=== DATA SHOWN ===
= Beginning of Section =

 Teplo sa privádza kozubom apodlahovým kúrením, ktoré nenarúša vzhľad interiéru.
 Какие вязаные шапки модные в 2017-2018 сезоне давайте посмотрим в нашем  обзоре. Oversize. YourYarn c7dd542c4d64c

= End of Section =
= Beginning of Section =

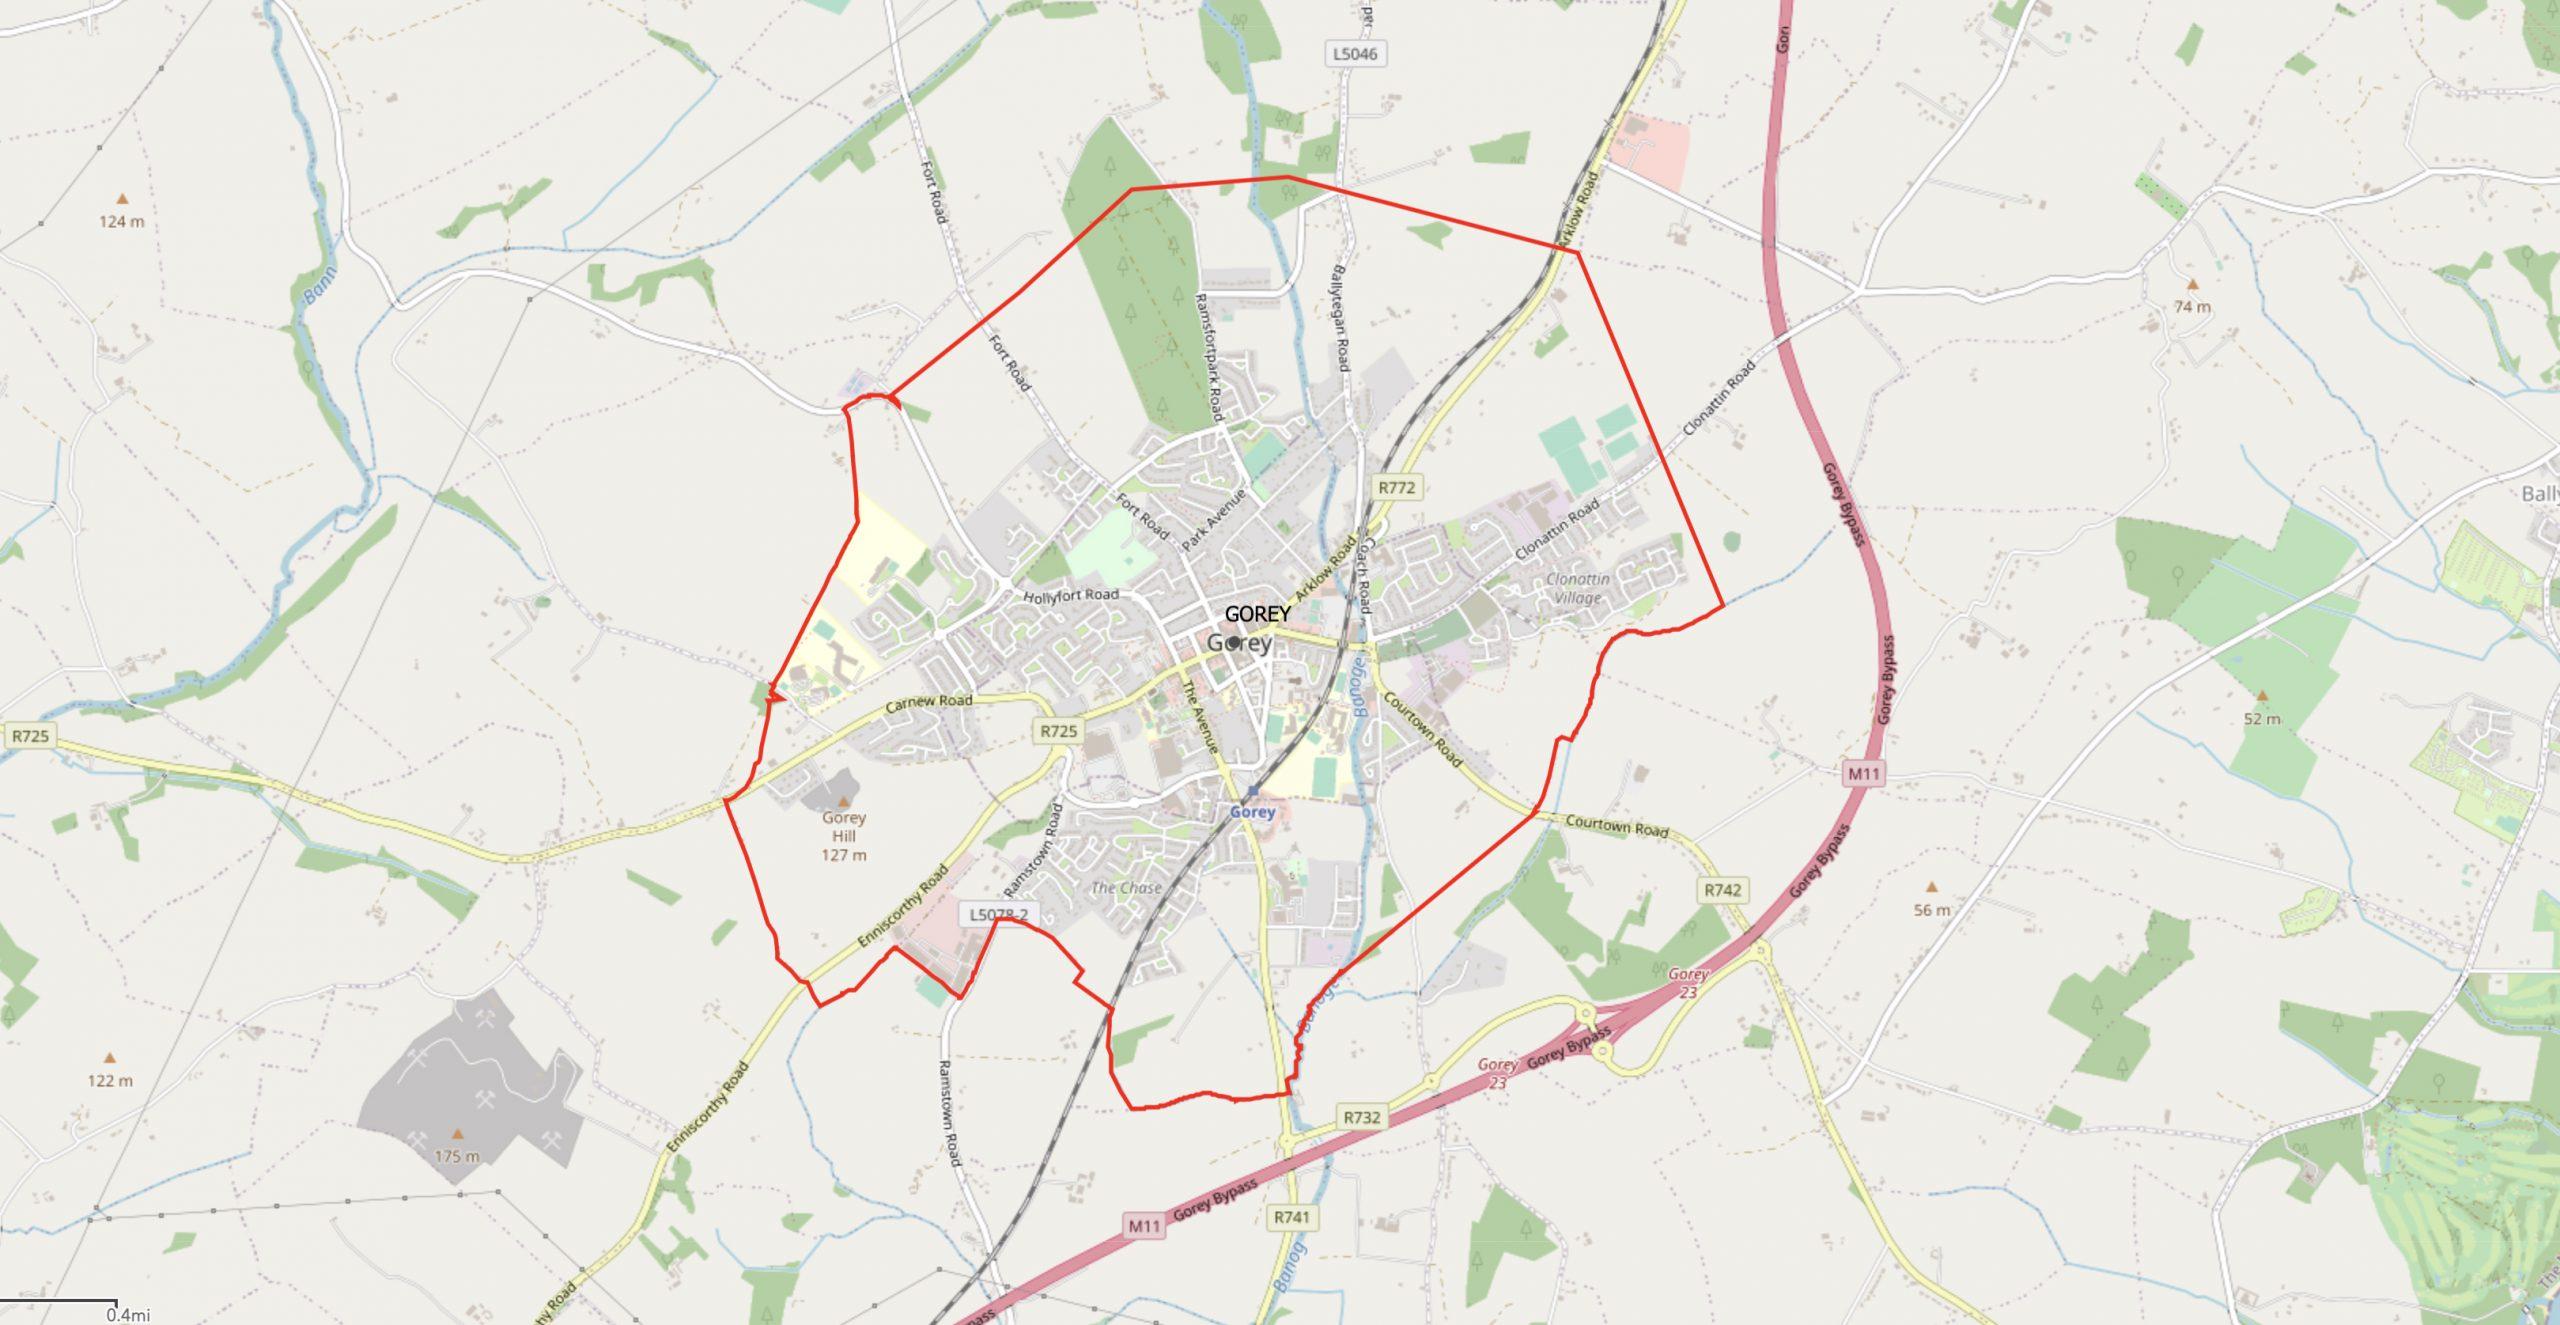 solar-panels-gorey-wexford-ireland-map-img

= End of Section =

=== PROBLEM STATEMENT ===
The required output is the stretch of entries above from the line containing "Teplo sa privádza" through the line containing "Какие вязаные шапки", reproduced exactly.

=== RESPONSE BOX ===
 Teplo sa privádza kozubom apodlahovým kúrením, ktoré nenarúša vzhľad interiéru.
 Какие вязаные шапки модные в 2017-2018 сезоне давайте посмотрим в нашем  обзоре. Oversize. YourYarn c7dd542c4d64c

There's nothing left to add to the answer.